We consider the well-known problem of sorting. Along the way, we consider some issues in testing and object-oriented design.

Related Pages

Overview

• The problem of sorting.
• An object-oriented approach.
• Testing our sorting algorithm.

• New lab partners (although it won't matter so much today)!
• Office hours
• Normal this week (MThF 1:45-3:15; walking 1:15-1:45)
• I may be hanging out by the Grill during class prep times
• I've added a variety of questions and answers to the exam. (Yes, it takes time to do so. I think it's worthwhile.)
• I've slightly cleaned up the eboards from Wednesday and Friday since so many people could not attend those classes.

### Upcoming Work

• Exam 1 due Thursday.
• Required prologue due tonight!
• Yes, I can send you your prologue.
• Required epilogue due Friday night.
• Sorting Basics
• The reading recaps and extends what we'll discuss in class today.
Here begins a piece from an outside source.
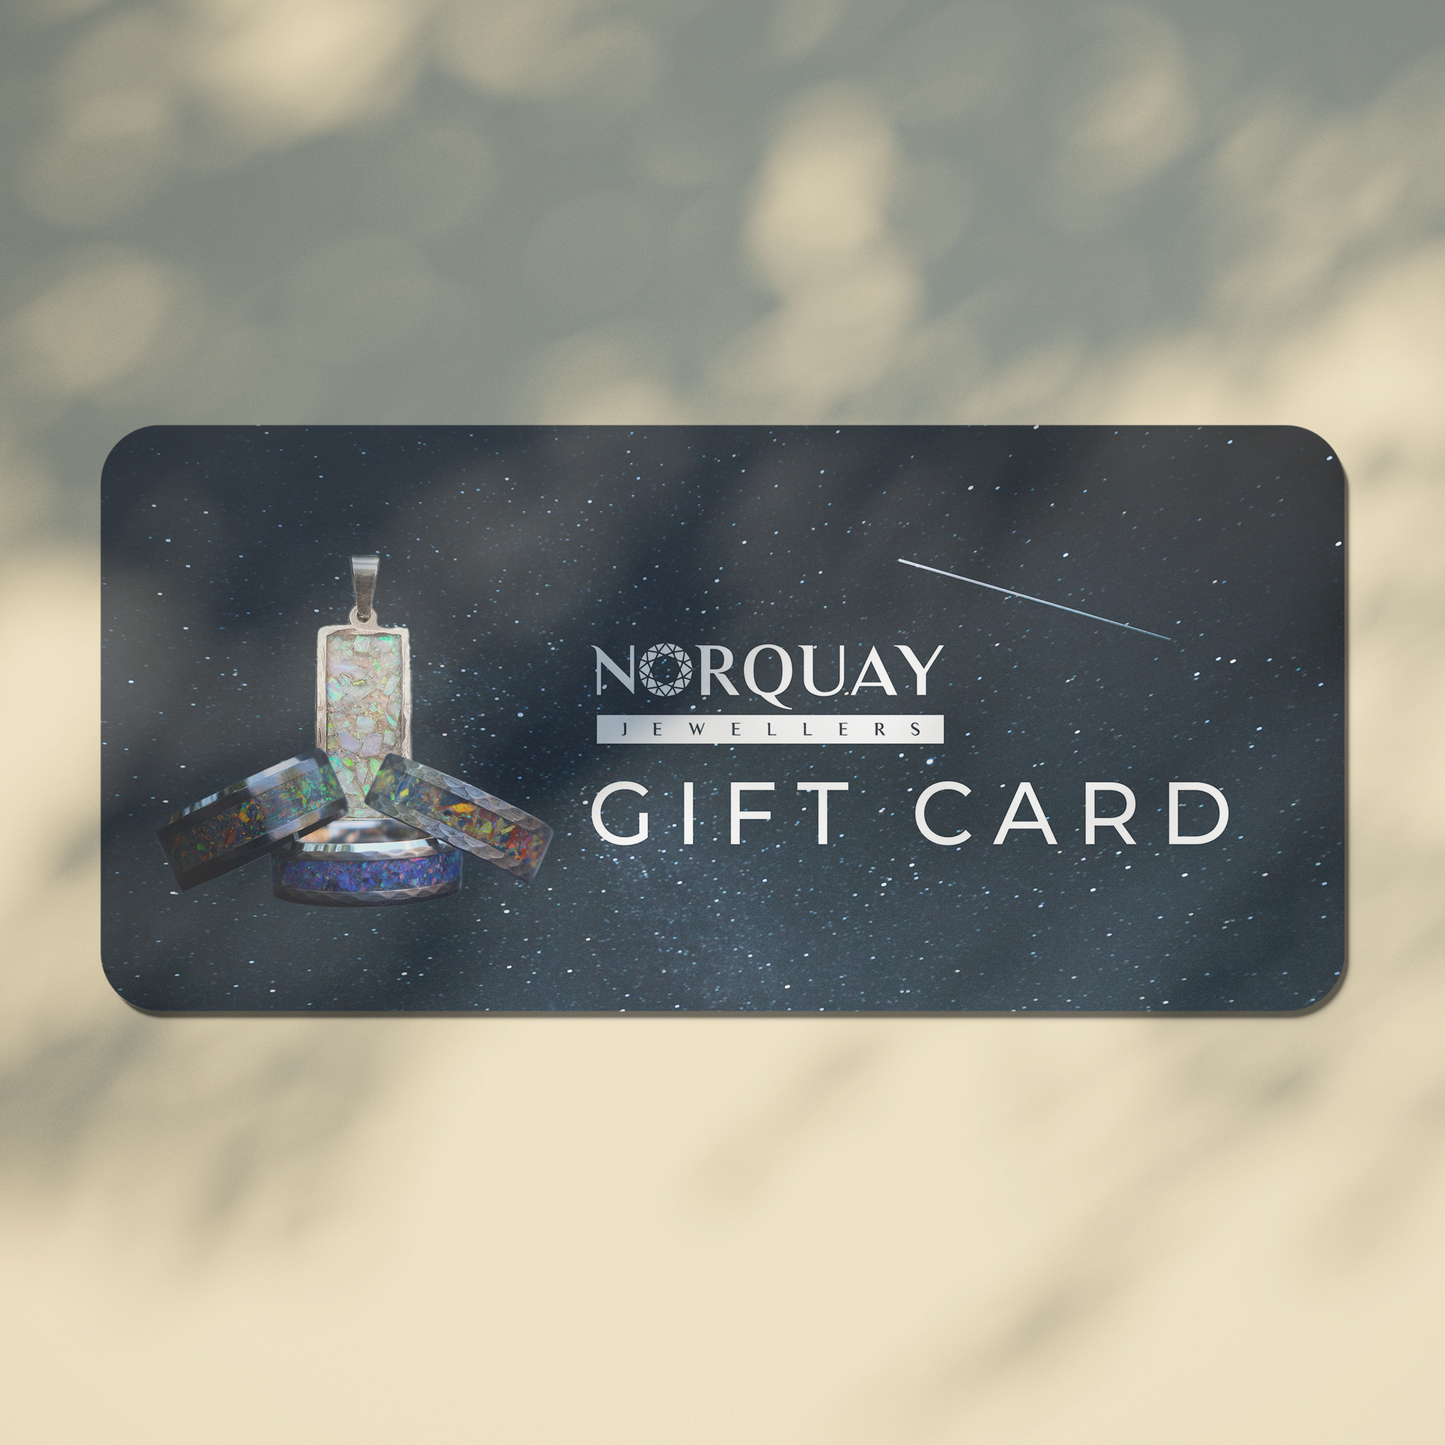 Norquay Jewellers Gift Card
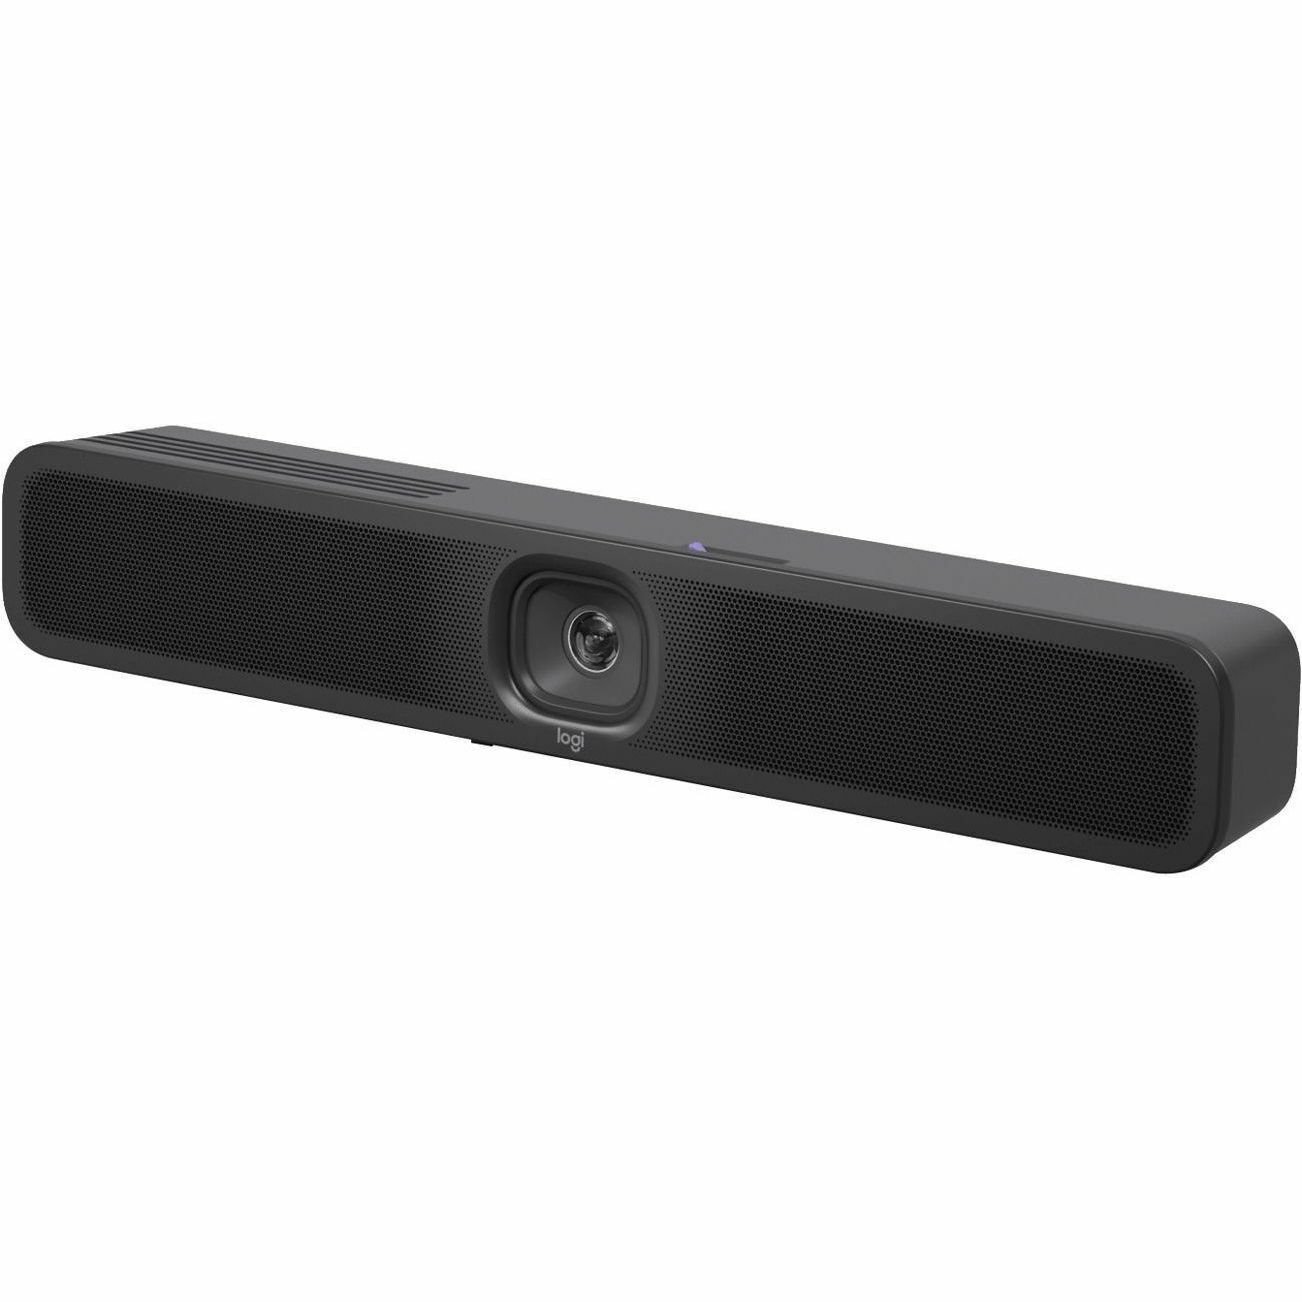 Logitech MeetUp 2 Video Conferencing Camera - USB 3.1 Type C

### Notes from the Prologues

• Please don't write "suck up" answers on the prologues. E.g., "Oh, this question will give me the opportunity to learn much more about an important topic." (paraphrased)
• Many of you are saying that you should write `average` before writing the tests. But that's backwards. If you write the tests first, and think about the corner cases, you'll be much more likely to understand likely problems.
• You should have learned from an early homework that you can't just add up the values and then divide for the averaging problem; integer (or long) overflow will kill you.
• Loop invariants are a way to think more carefully about the state of the program while it is running. (They are also useful for proving things correct.) In general, we'll use pictorial loop invariants for arrays, but also try to write them formally.
• When describing the values in an array, we may use a series of question marks to indicate that we know nothing about the values in the part of the array.
• In general, Big-O should be intuitive if you think about how algorithms work.
• If you have to shift the elements in an array, that shifting will generally take O(n) steps
• If you have to get the ith element of a linked list, that will take O(i) steps.

### Extra Credit

• BCC Faculty Chat, Tuesday, October 14, 7pm
• Thursday Extras, 4:30 p.m. Thursday, October 16, Grad School in CS
• CS Table Friday (Day PDR): TBD

#### Peer Support

• Ajuna's Radio show Mondays at 8pm. Listen to African music

### Project Planning

Question: In the second half of the semester, you will do a project. There are three possibilities right now.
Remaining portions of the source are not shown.